What the exercise asks
Go to the line holding "Cargolux  -  747-8R7F  (LX-VCK) By András" in the entries below and write out exactly every line down to and including the line holding "RARE 80s White".

Data excerpts
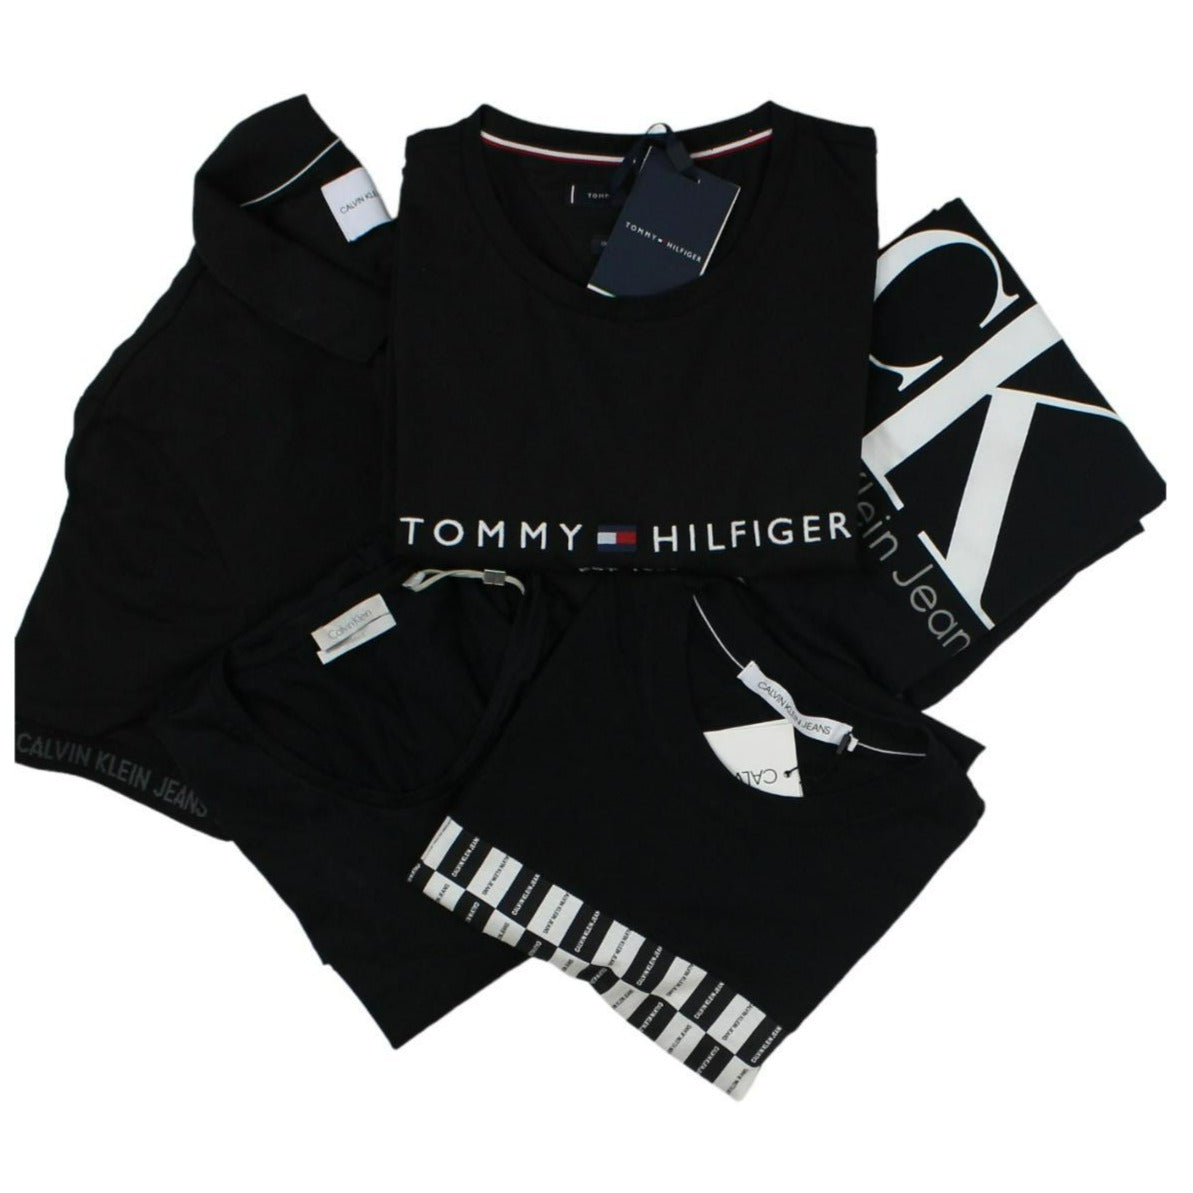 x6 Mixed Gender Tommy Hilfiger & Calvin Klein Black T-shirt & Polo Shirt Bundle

==

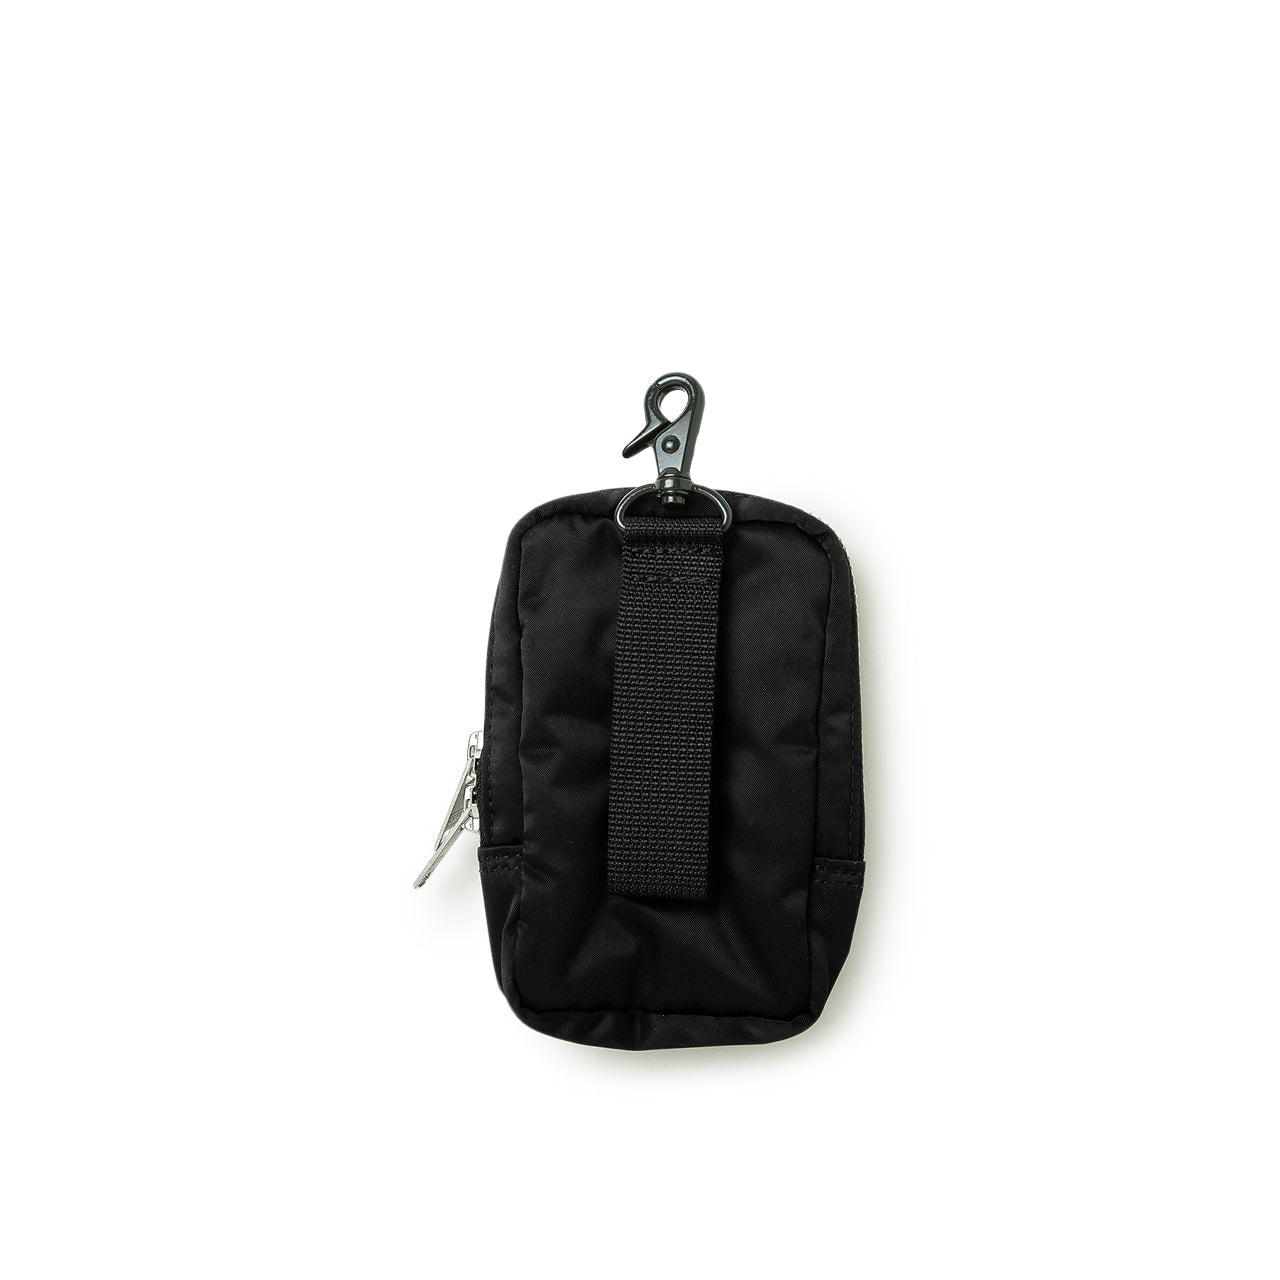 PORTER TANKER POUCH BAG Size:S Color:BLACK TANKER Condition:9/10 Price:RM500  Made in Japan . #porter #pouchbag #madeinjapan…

---

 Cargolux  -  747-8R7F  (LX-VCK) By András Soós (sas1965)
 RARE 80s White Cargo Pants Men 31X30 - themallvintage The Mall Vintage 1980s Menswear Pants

Answer for the task
 Cargolux  -  747-8R7F  (LX-VCK) By András Soós (sas1965)
 RARE 80s White Cargo Pants Men 31X30 - themallvintage The Mall Vintage 1980s Menswear Pants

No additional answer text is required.